The assumption of those who saw the bodies strewn over the hillside above the village, including William Walker, head of the international ceasefire monitors in Kosovo, was the obvious one: they had died at the hands of the Serbian security forces who had sealed off Racak on 15 January and gone from house to house, separating the men from their families.

Survivors told of being taken to the hilltop by men in black balaclavas and told to run before the troops opened fire. Others who were hiding nearby said they heard the screams of people under torture.

But still more devastating testimony is now coming from the other side of the world, in the form of Western communications intercepts, leaked to The Washington Post. According to the newspaper, these show that the massacre was ordered by senior members of the Serbian government, who then tried to cover it up.

Belgrade has denounced the report as CIA propaganda, but the intercepts paint a detailed picture. Government forces were ordered to "go in heavy" at Racak after an ambush that killed three policemen a few days earlier. A deputy prime minister, Nikola Sainovic, the most senior government figure with responsibility for Kosovo, spoke to General Sreten Lukic of the Interior Ministry special forces during the assault and asked how many had been killed (22 at that moment, he was told); in ensuing days the two spoke several times about how to make the killings look as though they had happened in battle.

The Washington Post says this plan was co-ordinated in a telephone call between General Lukic and Mr Sainovic. The minister also advised the general to go back into Racak and recover the bodies. Forty were seized the following day and transferred to the morgue at Pristina hospital.

For the past two weeks the Serbian authorities have continued almost every day to dispute allegations about what happened at Racak, aware that it could be the trigger to Nato military action against them.

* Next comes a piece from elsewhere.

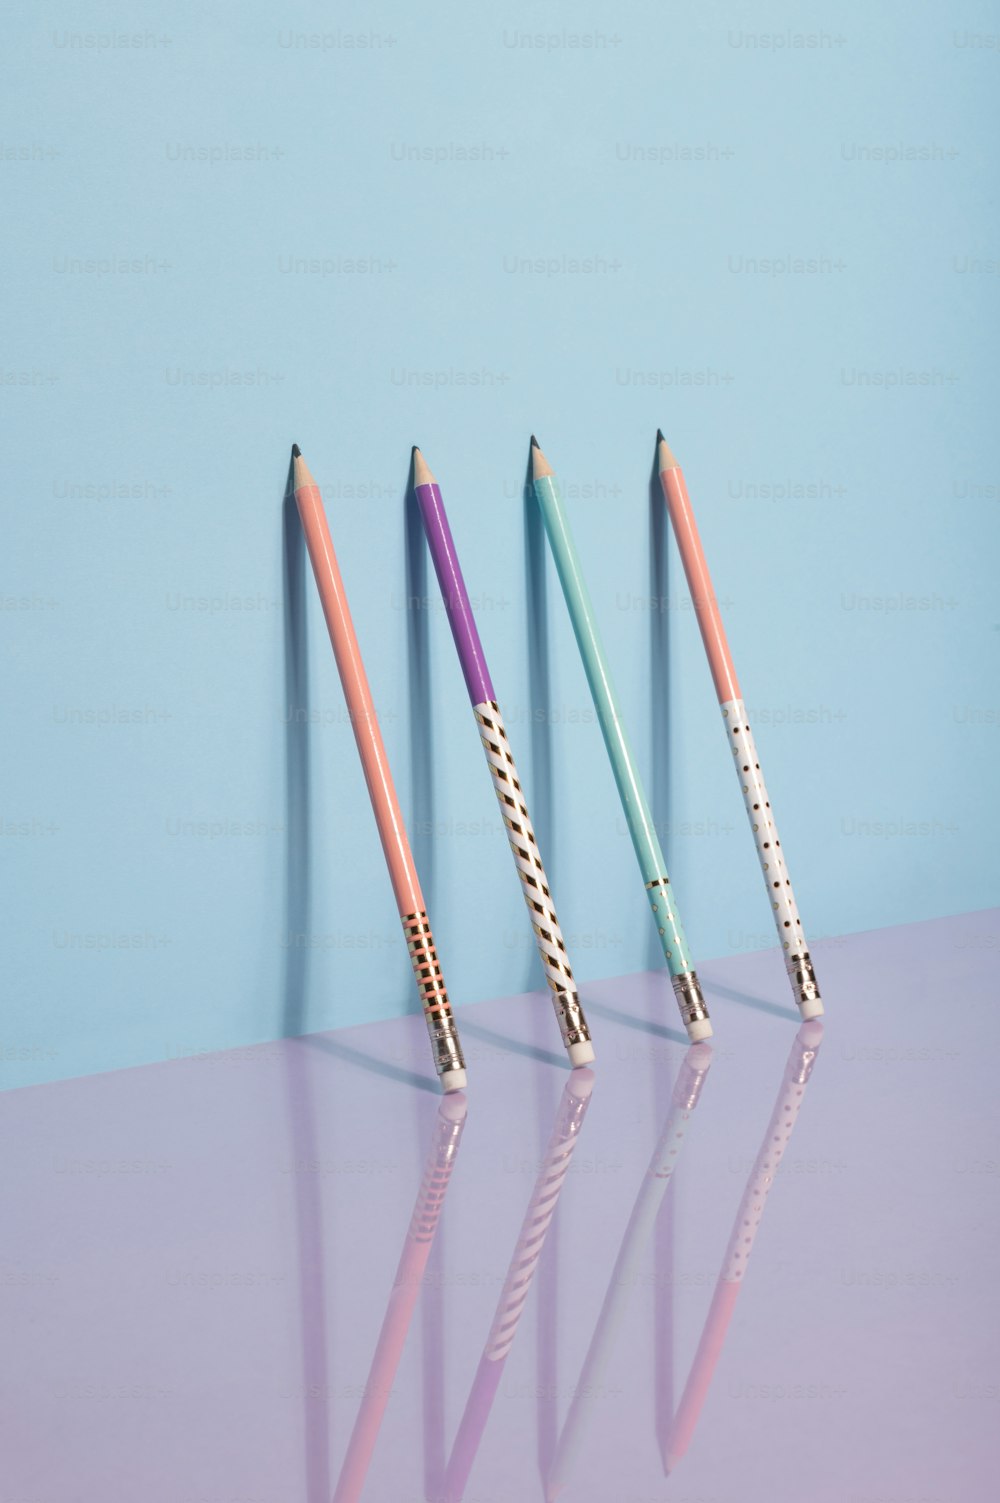 Tres lápices de diferentes colores están alineados en una fila

Yesterday it was the turn of Vajislav Seselj, a radical Serbian nationalist recently brought into the government as a deputy prime minister. All the "terrorists" in Kosovo, he said, were under the control of America, which armed, directed and financed the Kosovo Liberation Army, he said. Mr Seselj accused the guerrillas of "butchering dead people", leaving open the question of who had killed them.

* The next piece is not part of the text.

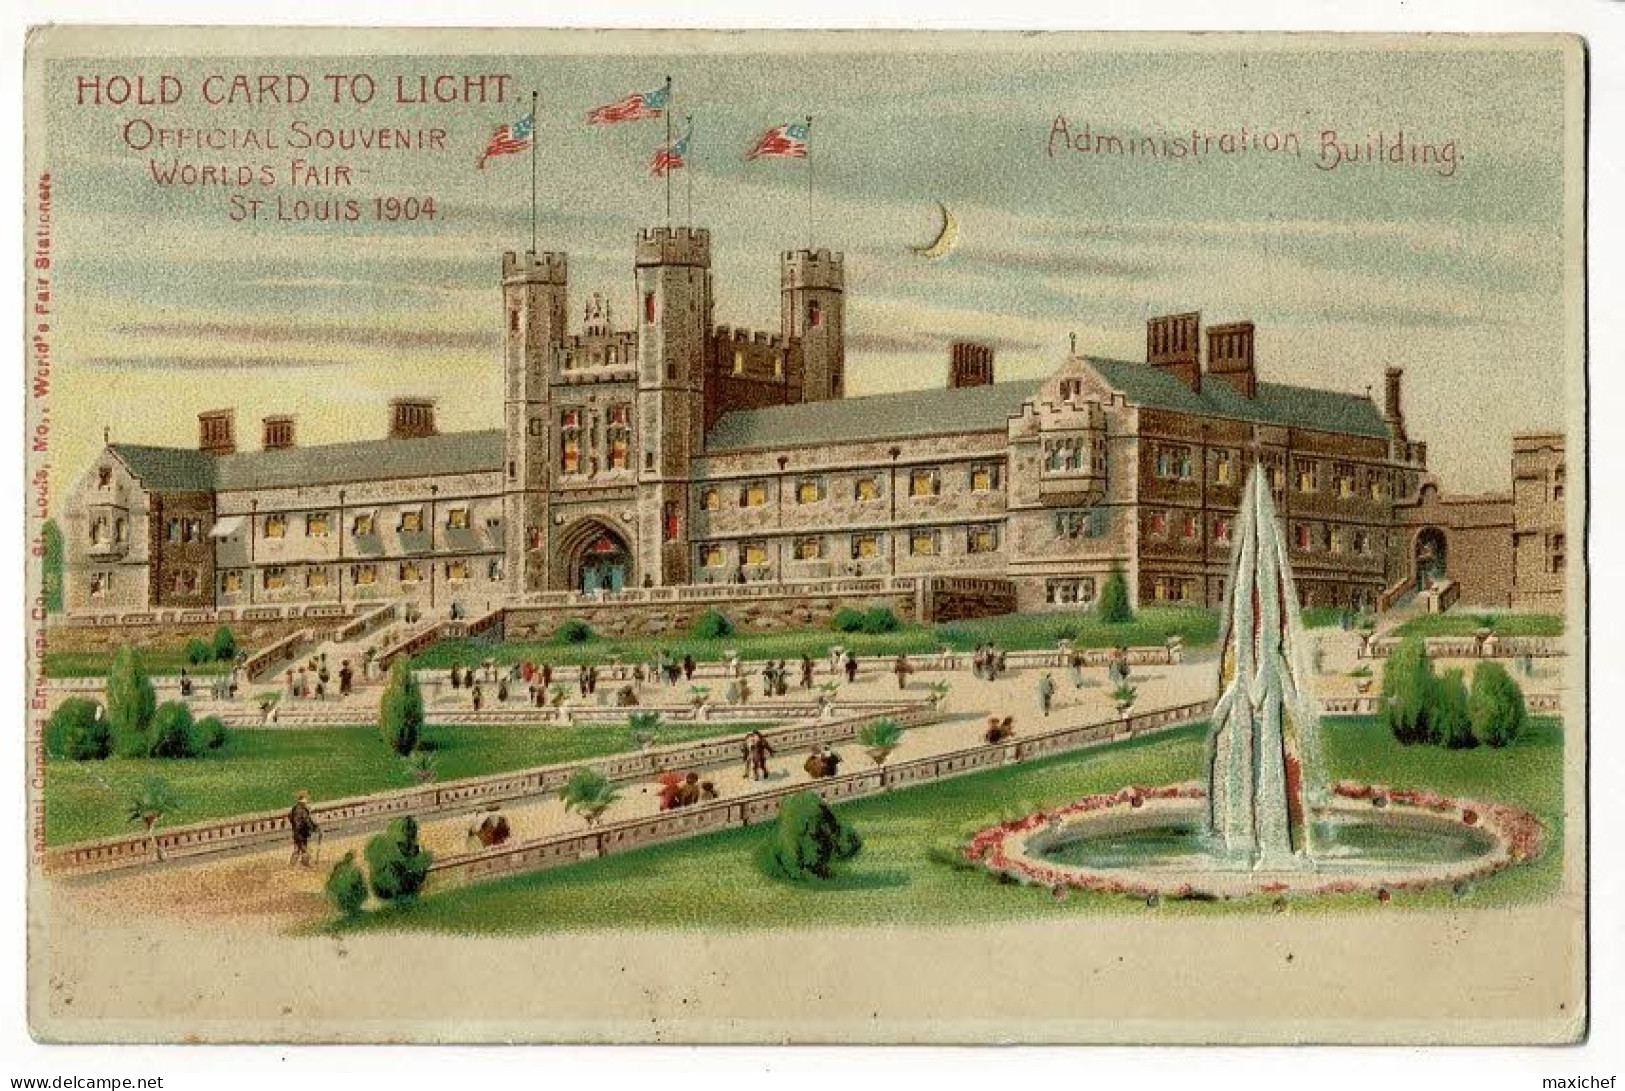 Carte Illustrée Hold Card To Light - Official Souvenir Worlds Fair St Louis 1904 - Administration Building - Pas Circulé - Halt Gegen Das Licht/Durchscheink.

A team of Finnish pathologists was admitted to Kosovo several days after the killings to take part in the autopsies at Pristina hospital, but earlier this week their spokeswoman, Helena Ranta, dampened hopes that they would come up with conclusive proof of how the villagers had been killed, and by whom. There was evidence that the bodies had been tampered with before their arrival, she said, so the truth might never be known.